:: Given data ::
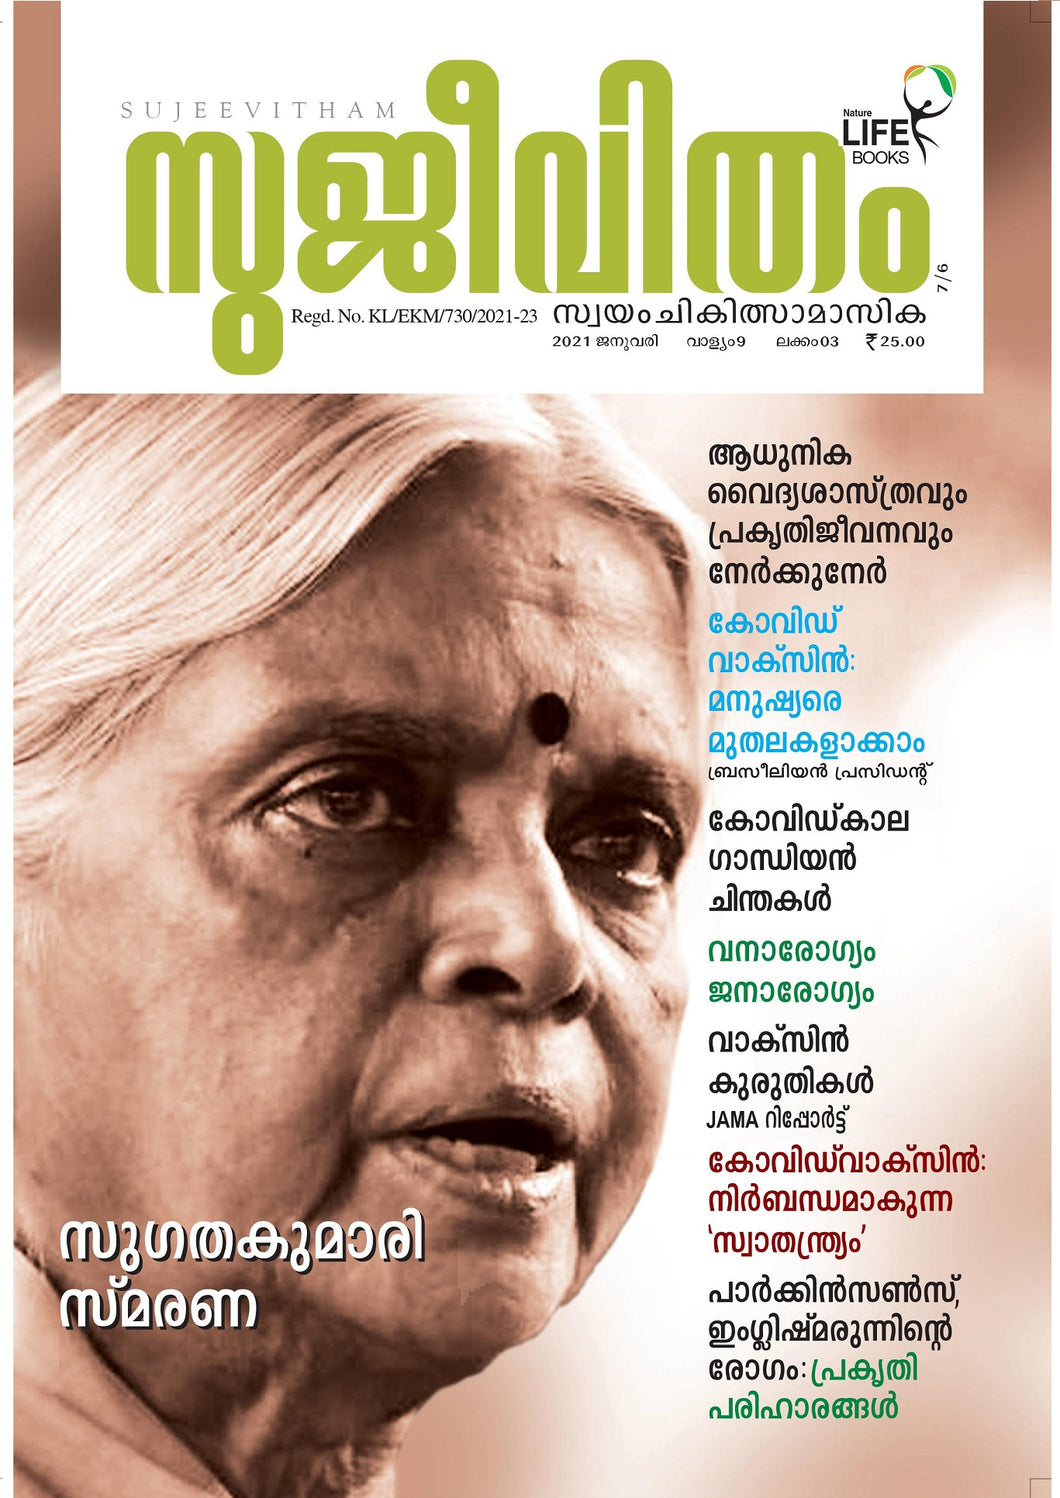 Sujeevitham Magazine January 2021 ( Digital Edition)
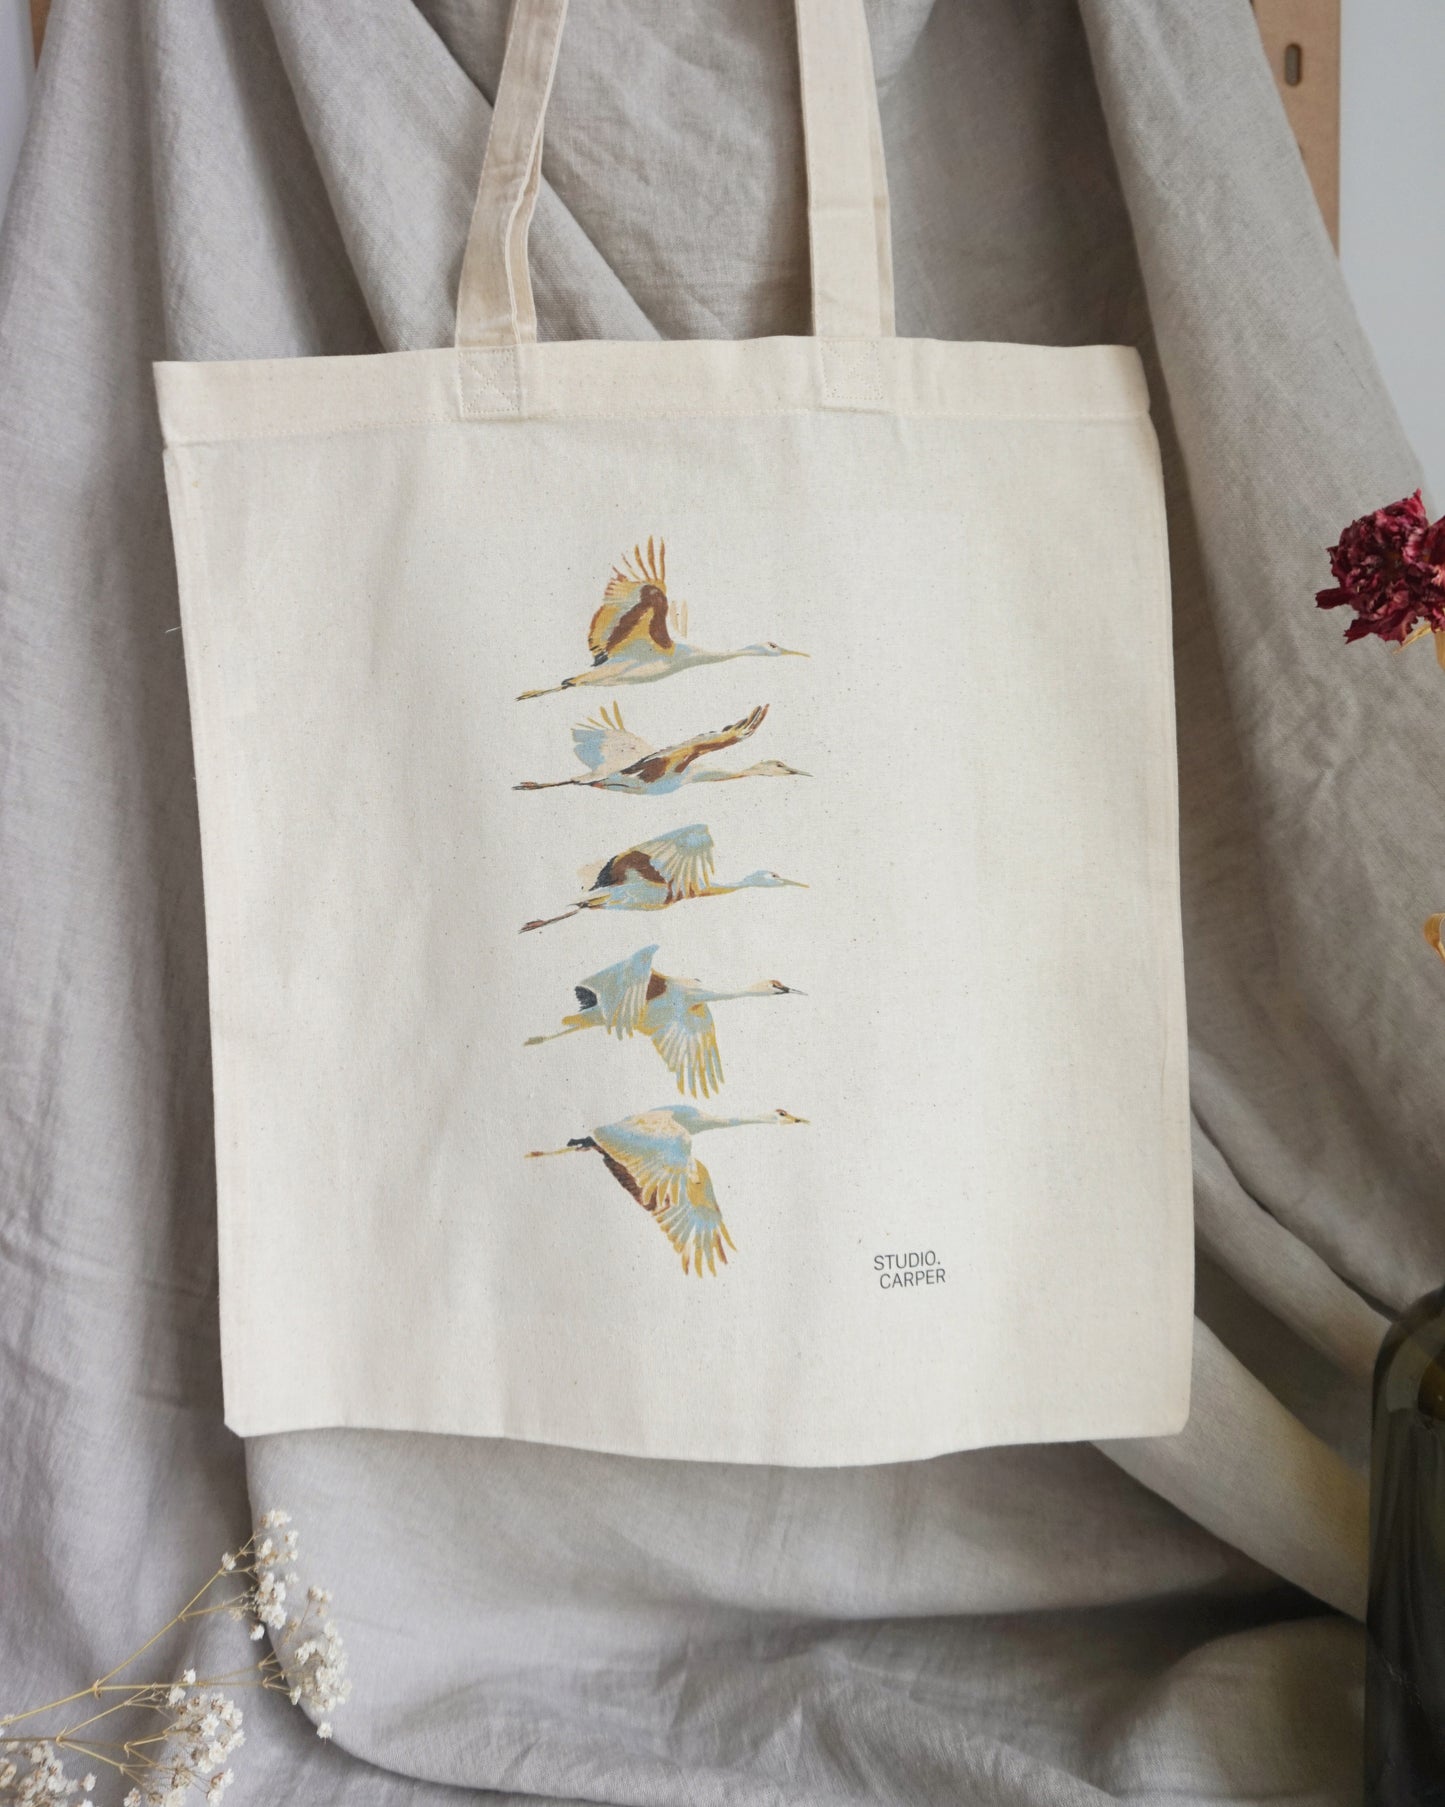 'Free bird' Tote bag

---

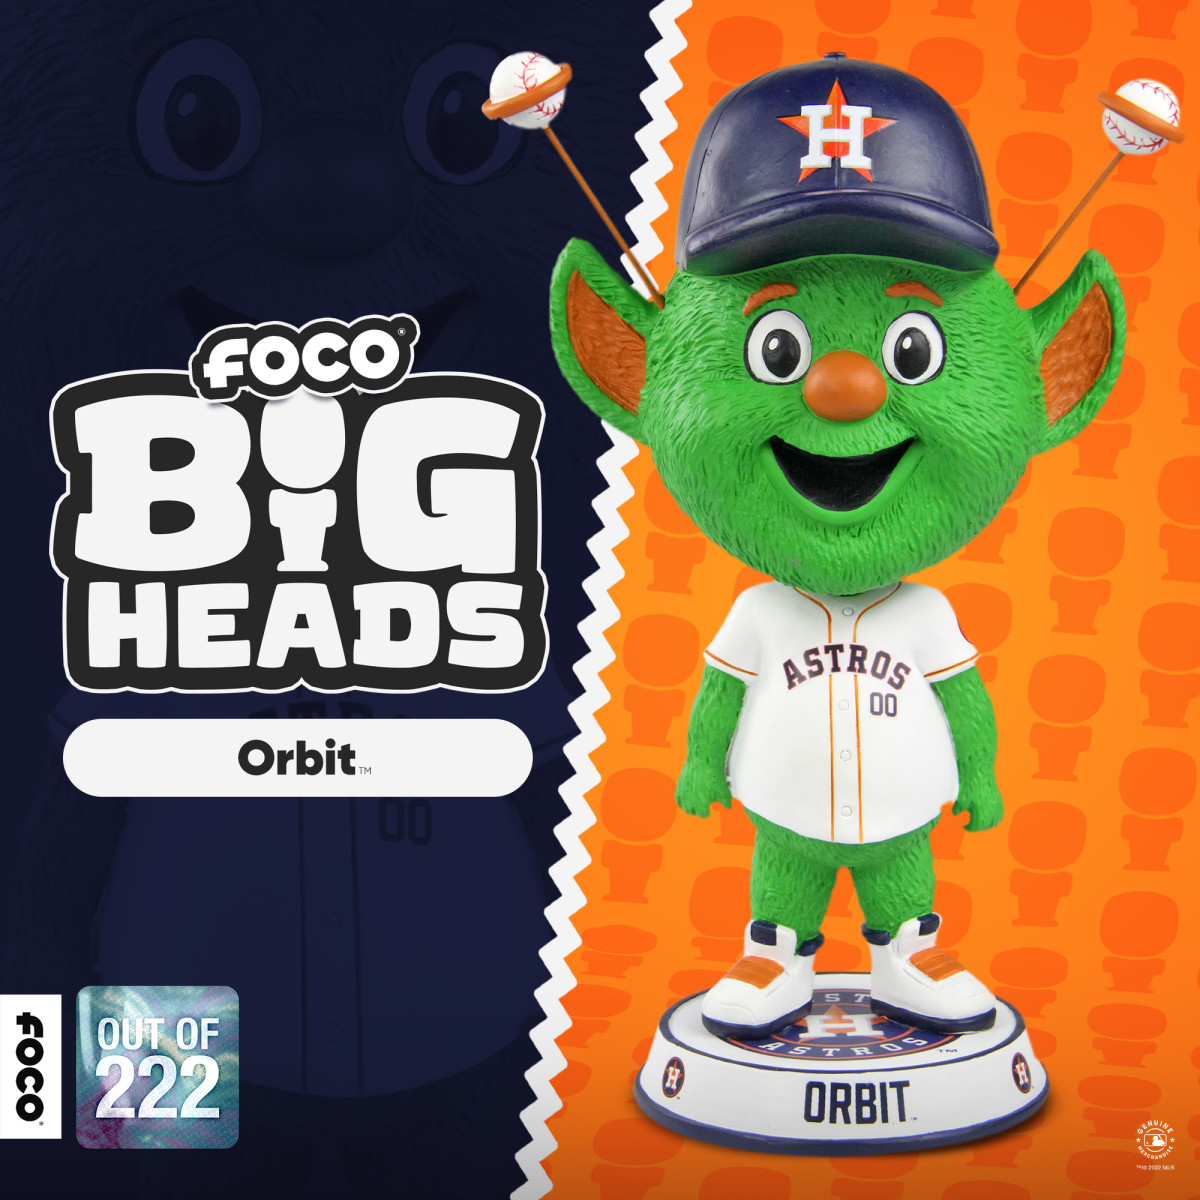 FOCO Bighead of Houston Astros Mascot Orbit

:: Goal of the exercise ::
Print an exact copy of the lines above, from the one containing "Sujeevitham Magazine January" through the one containing "bird' Tote bag", and leave out the pictures.

:: Task response ::
 Sujeevitham Magazine January 2021 ( Digital Edition)
 'Free bird' Tote bag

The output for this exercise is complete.